With every picture left out, restate the listing below exactly as written.

##########

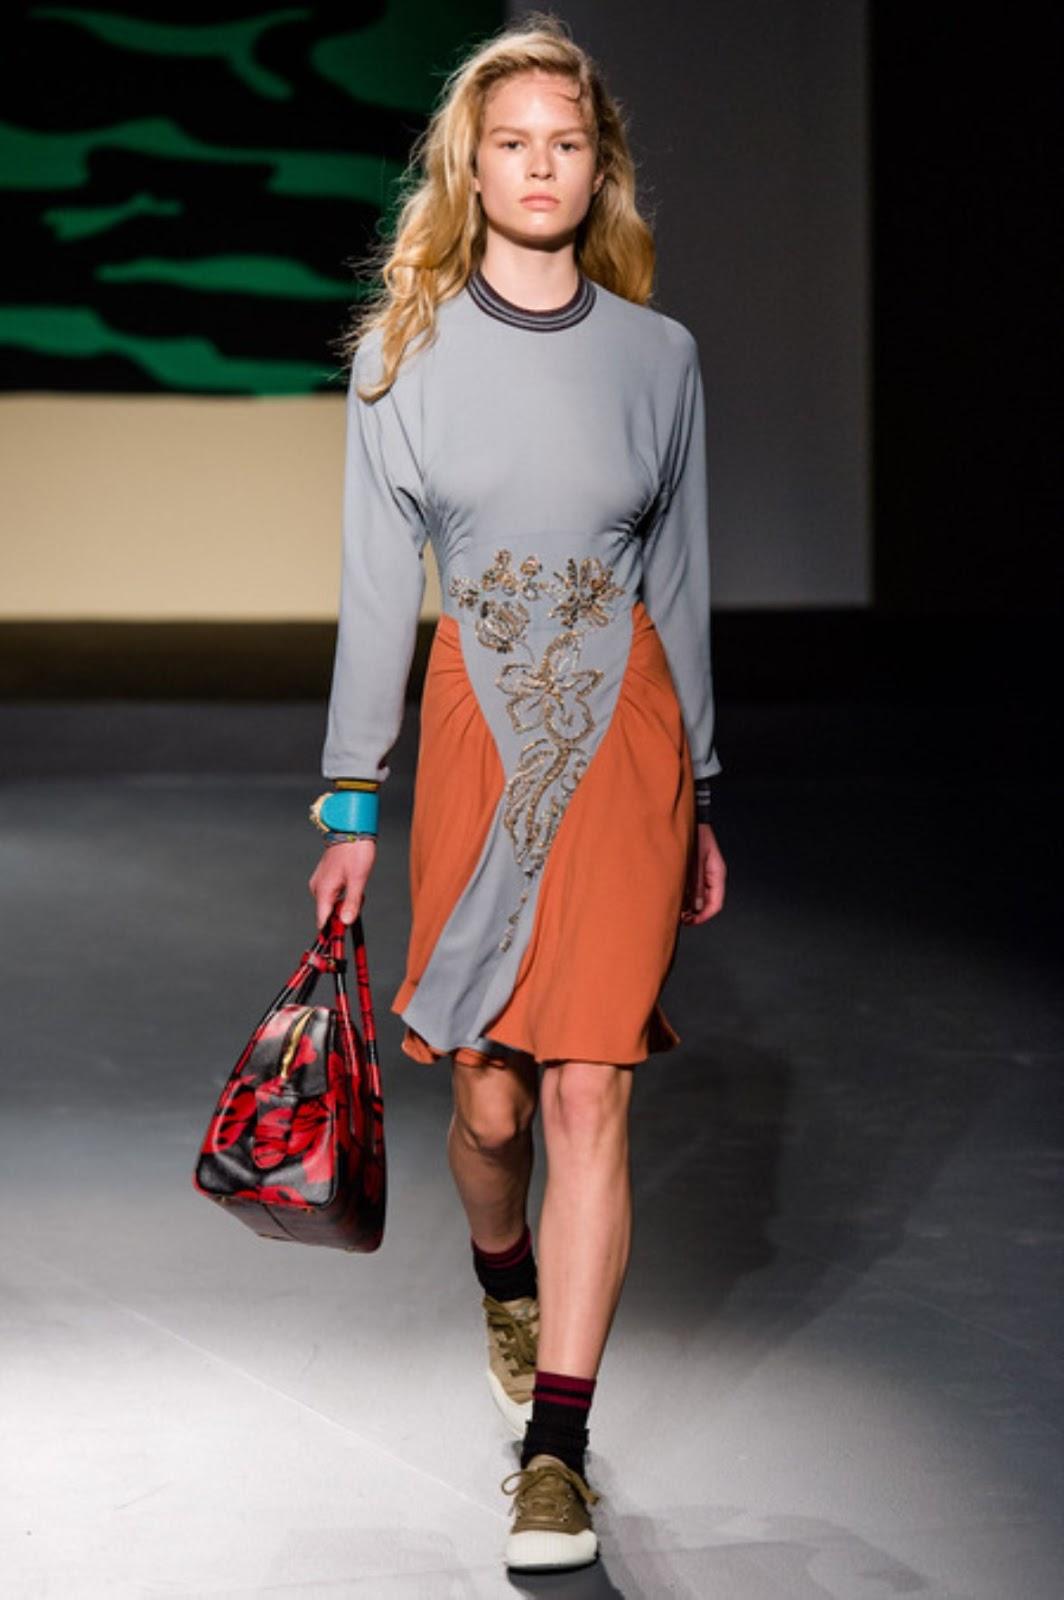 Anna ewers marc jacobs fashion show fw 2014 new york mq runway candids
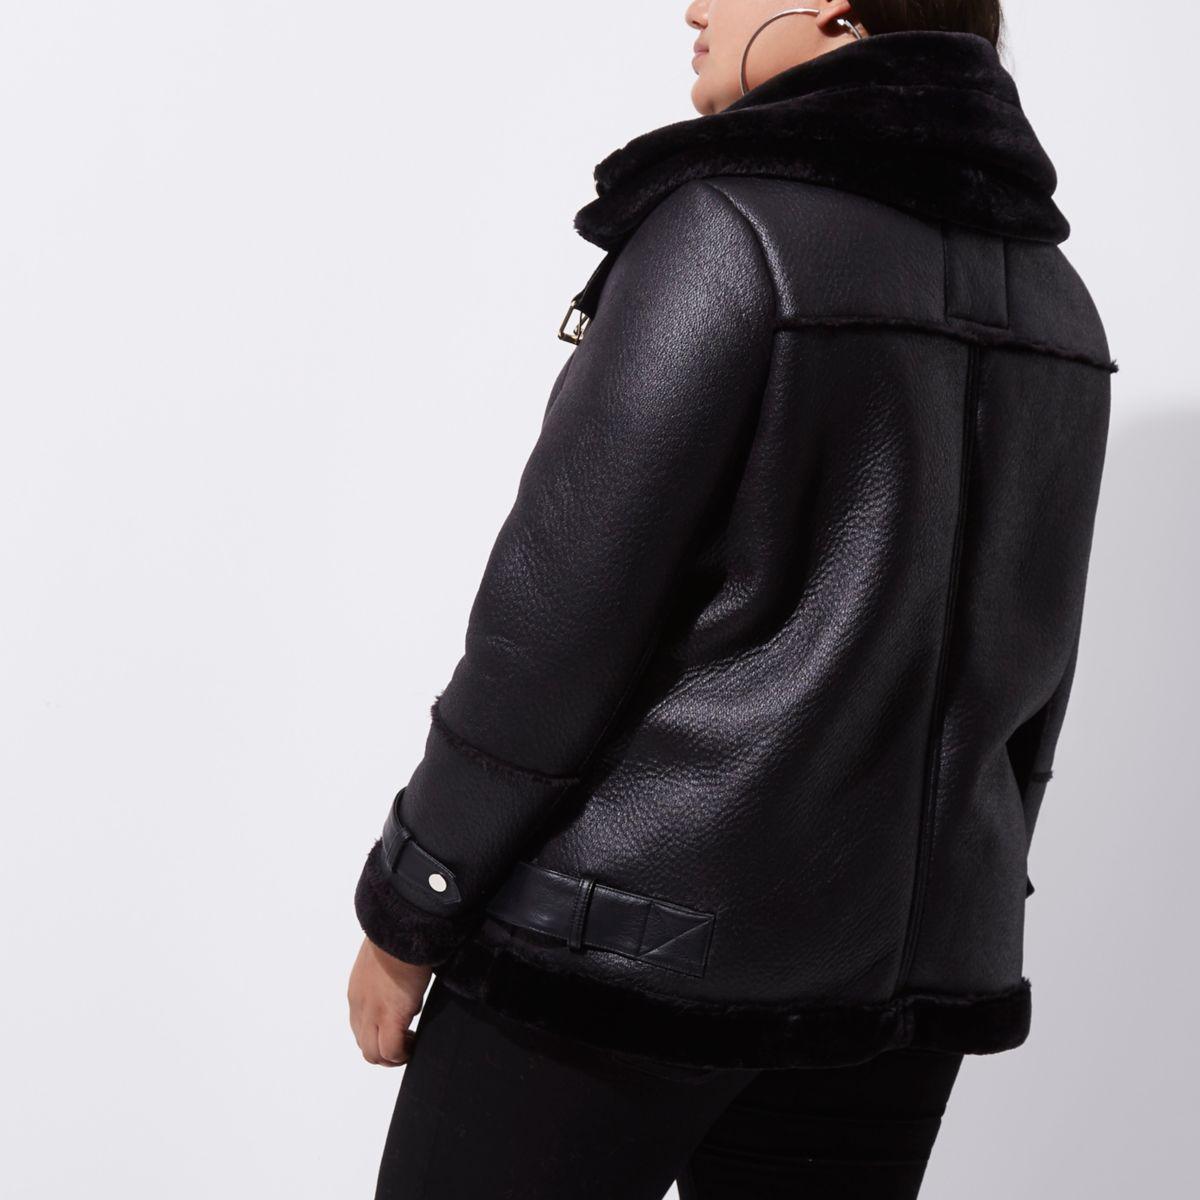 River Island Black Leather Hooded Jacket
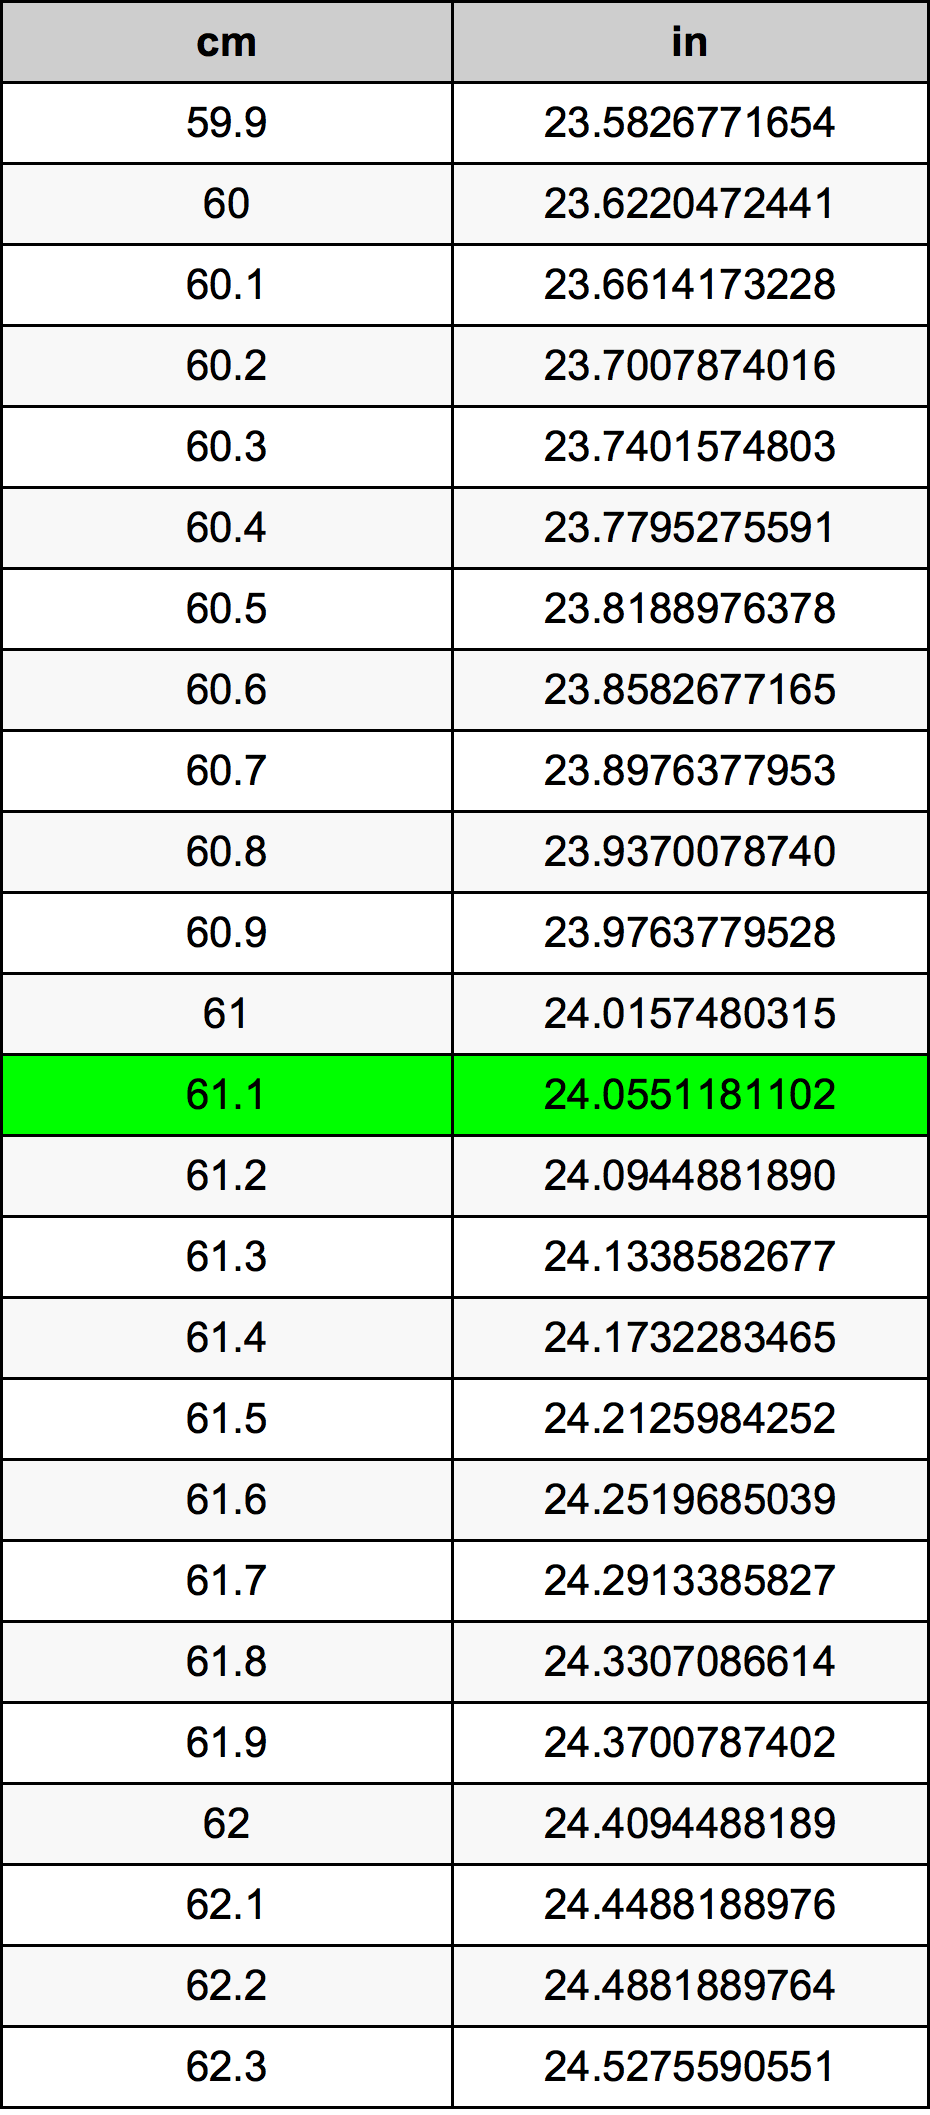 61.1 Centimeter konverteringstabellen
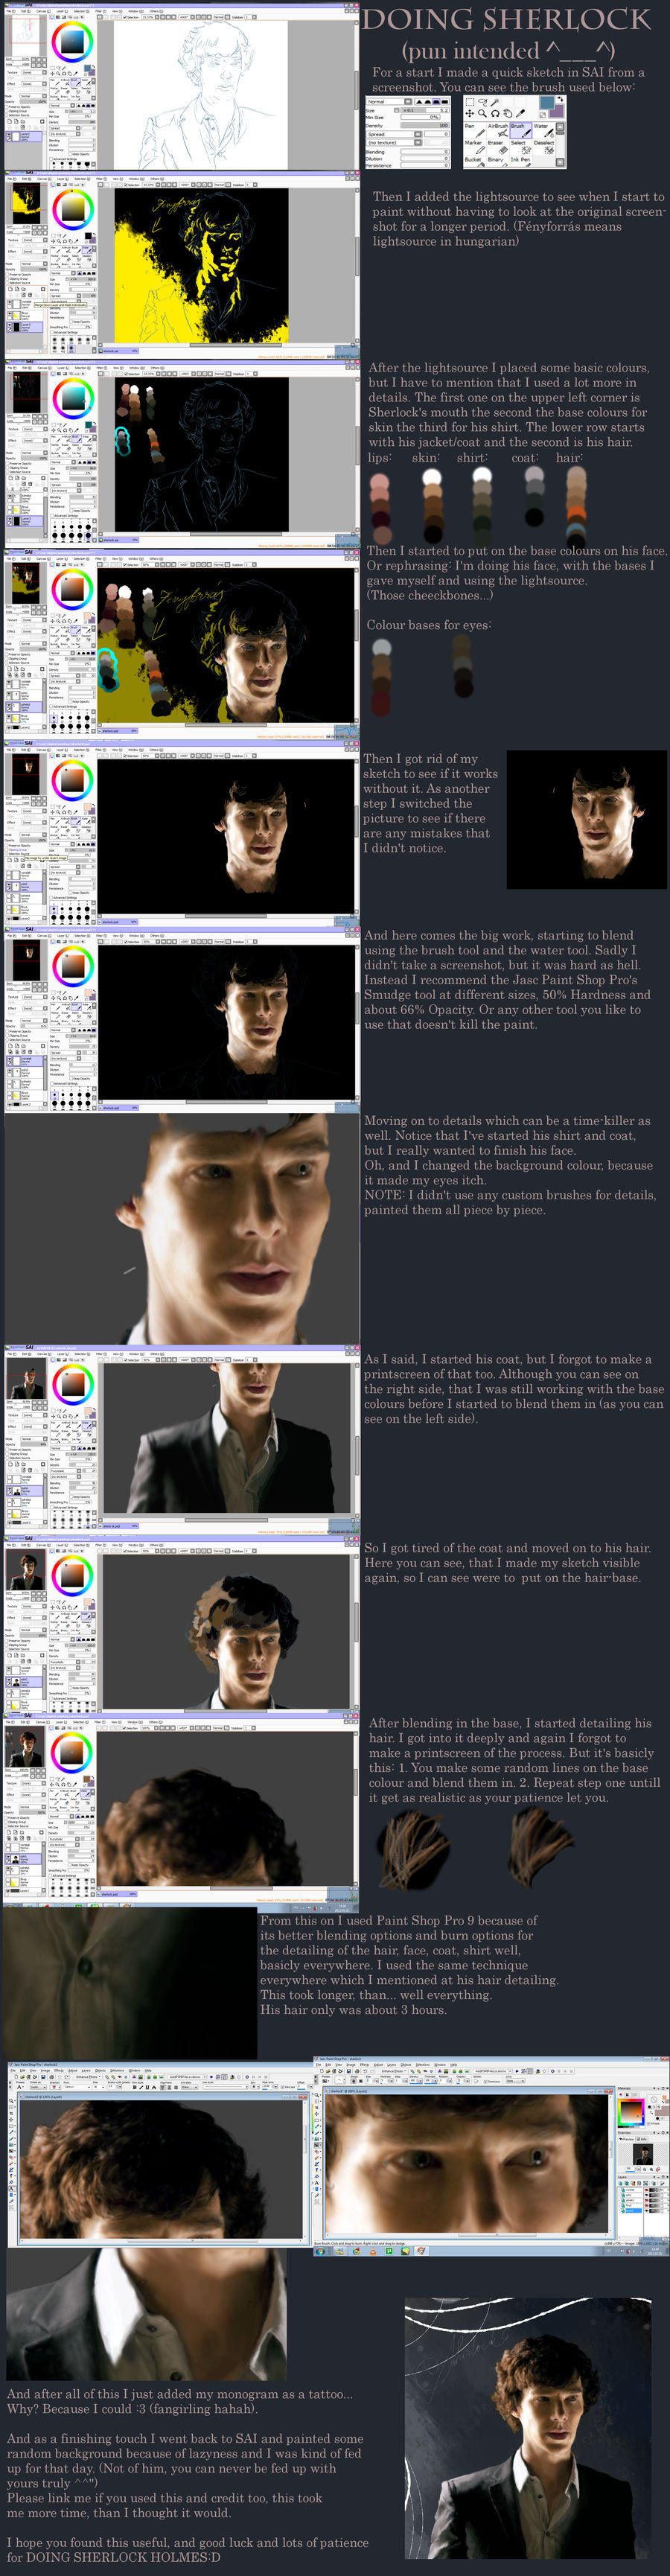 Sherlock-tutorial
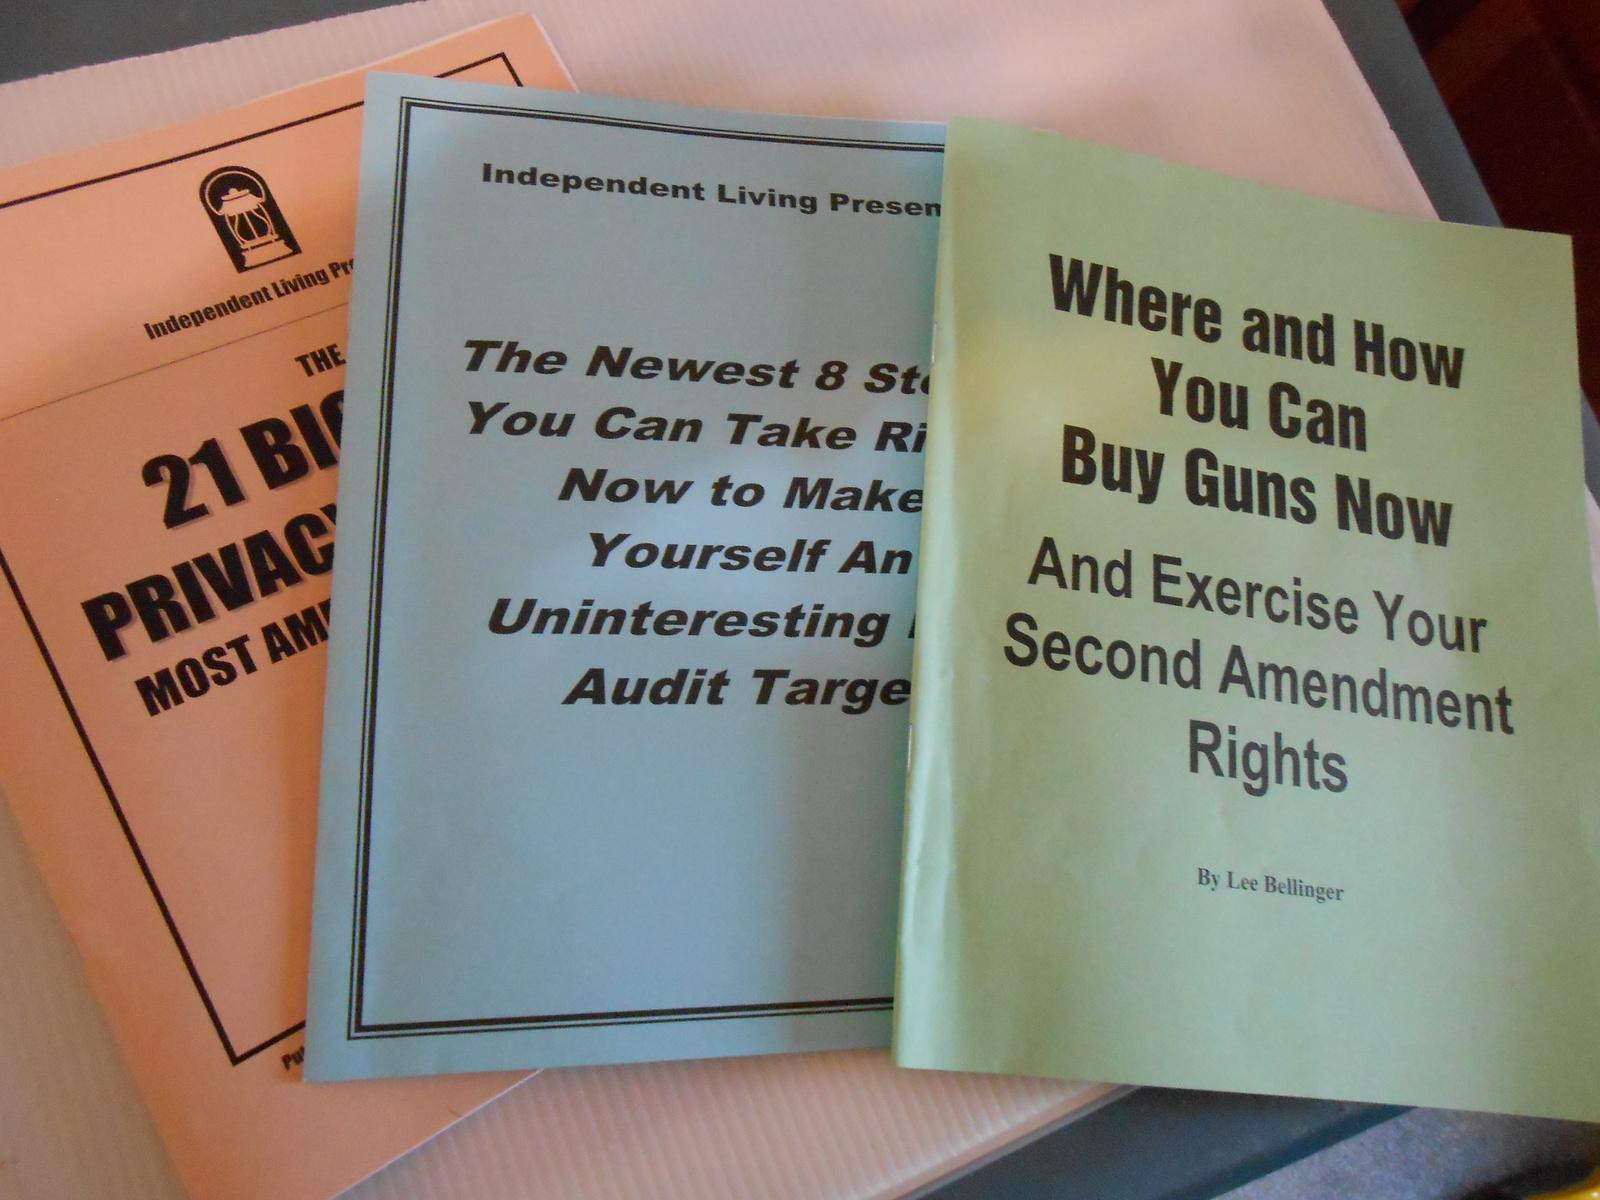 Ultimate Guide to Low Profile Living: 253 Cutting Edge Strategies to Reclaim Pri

##########

**Reply**
 Anna ewers marc jacobs fashion show fw 2014 new york mq runway candids
 River Island Black Leather Hooded Jacket
 61.1 Centimeter konverteringstabellen
 Sherlock-tutorial
 Ultimate Guide to Low Profile Living: 253 Cutting Edge Strategies to Reclaim Pri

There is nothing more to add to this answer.